Читать книгу «Тайны льда» онлайн полностью📖 — Антона Чижа — MyBook.

17

Сердце Тухли обратилось в камень. Ни жалости, ни раскаяния. Пусть будет стыдно тому, кто виноват. Он оделся во всё лучшее, что нашёл в платяном шкафу Ванзарова, натянул своё пальтишко ещё приличного вида и модный котелок – память семейной жизни и забот жены.

Полный решимости, Тухля спустился с лестницы. Вышел из дома и перешёл улицу, чуть не попав под несущуюся пролётку, однако не испугался. Но стоило ему подойти к витым воротам Юсупова сада, решимость покинула его.

Над опорами ворот гордо реяли флаги – флаг Общества любителей бега на коньках с крылатым коньком и трёхцветный государственный. За воротами виднелась чёрная шинель швейцара с золотым шитьём на отворотах. Её владелец с окладистой бородой и фуражкой с крылатым коньком на тулье казался маршалом коньковых войск.

На пруду пятеро садовых работников в валенках и чистых полотняных фартуках заливали лёд из огромных леек, будто грядки поливали. Струи воды почти смыли вензель, от него еле угадывались верхушка «I» и острые уголки «М». Величественная картина. Сердце Тухли дрогнуло заячьим хвостиком. Обман раскроется, ему скажут: «Да какой вы Ванзаров, посмотрите на себя! Ванзарова мы знаем, он орёл, герой. А вы кто? Тухля, одним словом».

Как известно, римляне презирали трусость. Шли на кинжалы друзей с гордо поднятой головой. Тухля был истинным римлянином. Не по рождению, по духу. Как он считал. И подошёл к воротам. Оглядев его с ног до головы, швейцар вынес не лучшее мнение. Открывать не поспешил.

– Что вам угодно? – спросил он строго. Как бродягу.

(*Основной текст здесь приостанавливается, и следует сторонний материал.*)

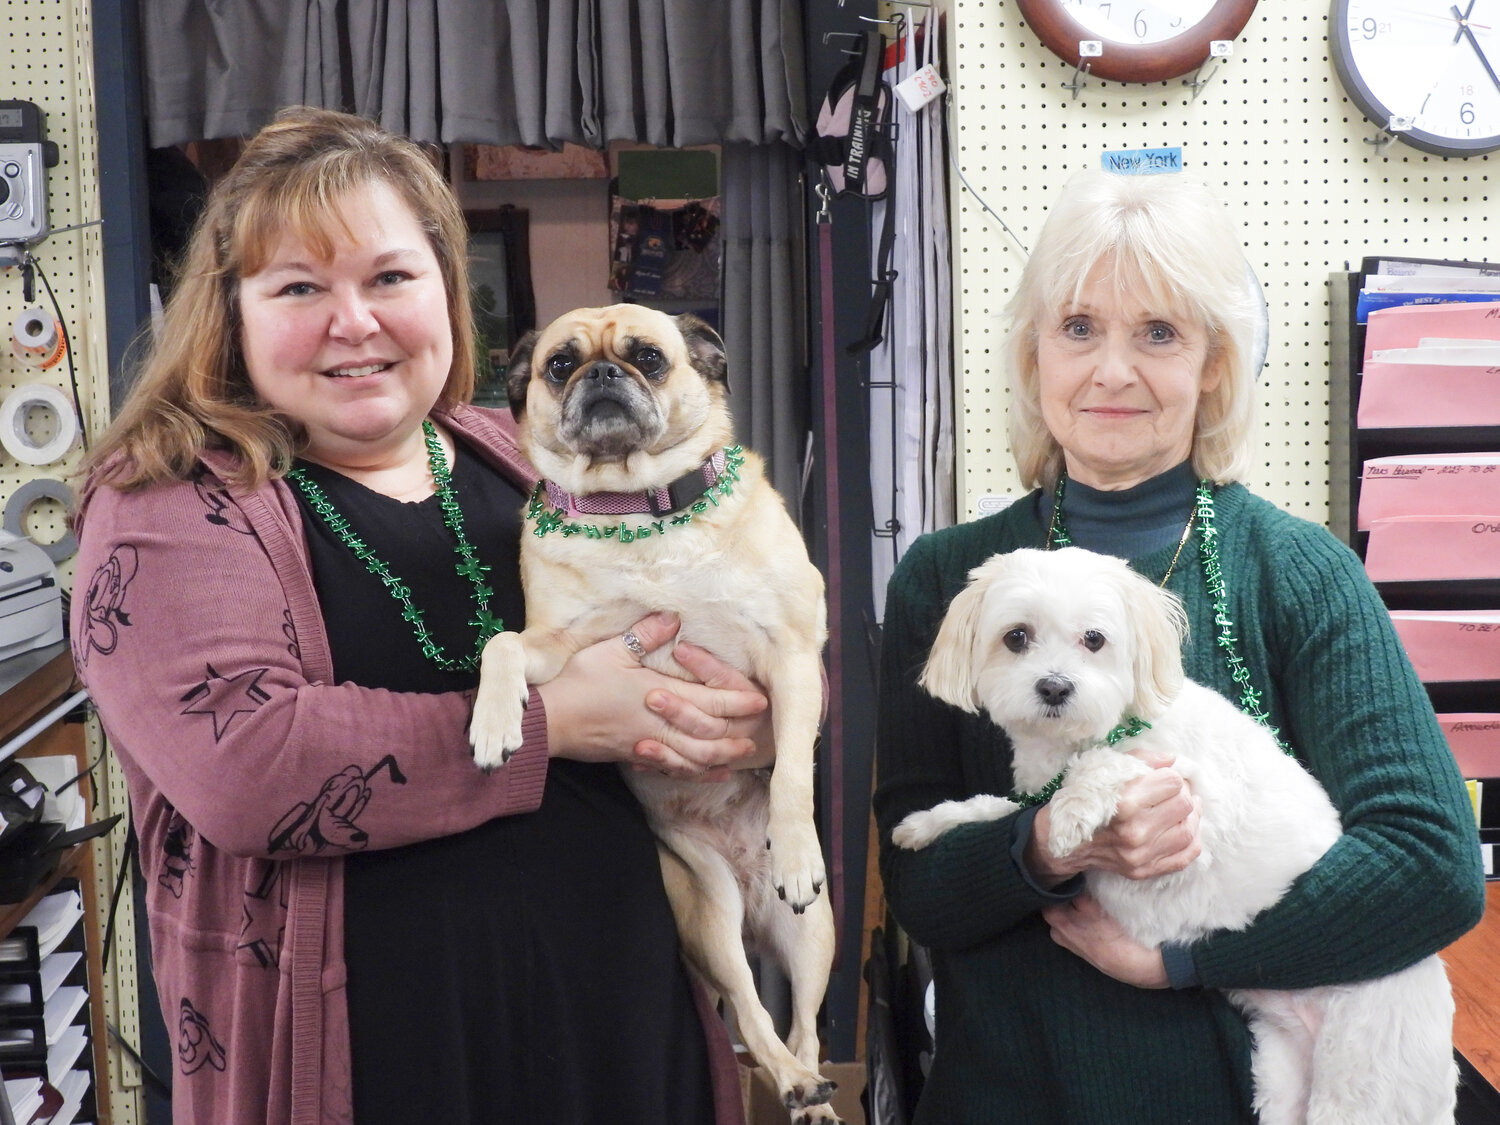 Oneida Office Supply Owner Nancy Kinney, right, and Manager Stacy Jones are happy to help anyone who comes through their door. Their dogs, Poppy and Daisy, are a common sight at the store and fond of guests

Тухля пожалел, что он римлянин. В душе. А тут ещё городовой на углу улиц глянул как-то подозрительно. Да ещё ворона закаркала. Ну всё, конец, сейчас разоблачат, позора не миновать… Немного дрожащей рукой он предъявил гостевой билет.

Внимательно рассмотрев пригласительный билет, швейцар поклонился и даже приложил ладонь к фуражке.

– Добро пожаловать, господин Ванзаров, на каток Юсупова сада.

– Благодарю, – ответил Тухля, подражая манере друга. Страх держал холодными лапками.

– Извольте пройти к главному павильону. – Швейцар указал на длинное одноэтажное строение, поставленное на берегу пруда. – Господин распорядитель всё покажет. Приятного катания…

– Благодарю, любезный. – Тухля ощутил, как окрепла гордость римлянина. Надо бы швейцару на чай дать, да только нечем. Он ограничился поклоном.

Каток пустовал. Раза два поскользнувшись на утоптанной дорожке, Тухля добрался до павильона. Ступив на деревянный наст, испытал облегчение и вошёл в гостевые сени. Из-за конторки поднялся моложавый господин приятной наружности, модно одетый, с модно завитыми усиками. Окинул Тухлю оценивающим взглядом. К счастью, Тухля не знал, что о нём подумали. Гордость римлянина могла сникнуть.

– Чем могу служить?

Тухля бесстрашно вручил гостевой билет и добавил:

– Я тут впервые…

Распорядитель изучил билет, будто убеждаясь, что не фальшивка, даже не поленился раскрыть. Он наградил гостя самой приветливой улыбкой:

– Господин Ванзаров…

Тухлю передёрнуло, он затравленно огляделся.

– А? Где? Ах, да… Это я… да… – сам же подумал: «Как тяжко жить под чужим именем».

– Господин Ванзаров, – повторил распорядитель, всё ещё протягивая билет. – Рады приветствовать на катке Общества. Я распорядитель, Иволгин Николай Иванович. Всегда к вашим услугам.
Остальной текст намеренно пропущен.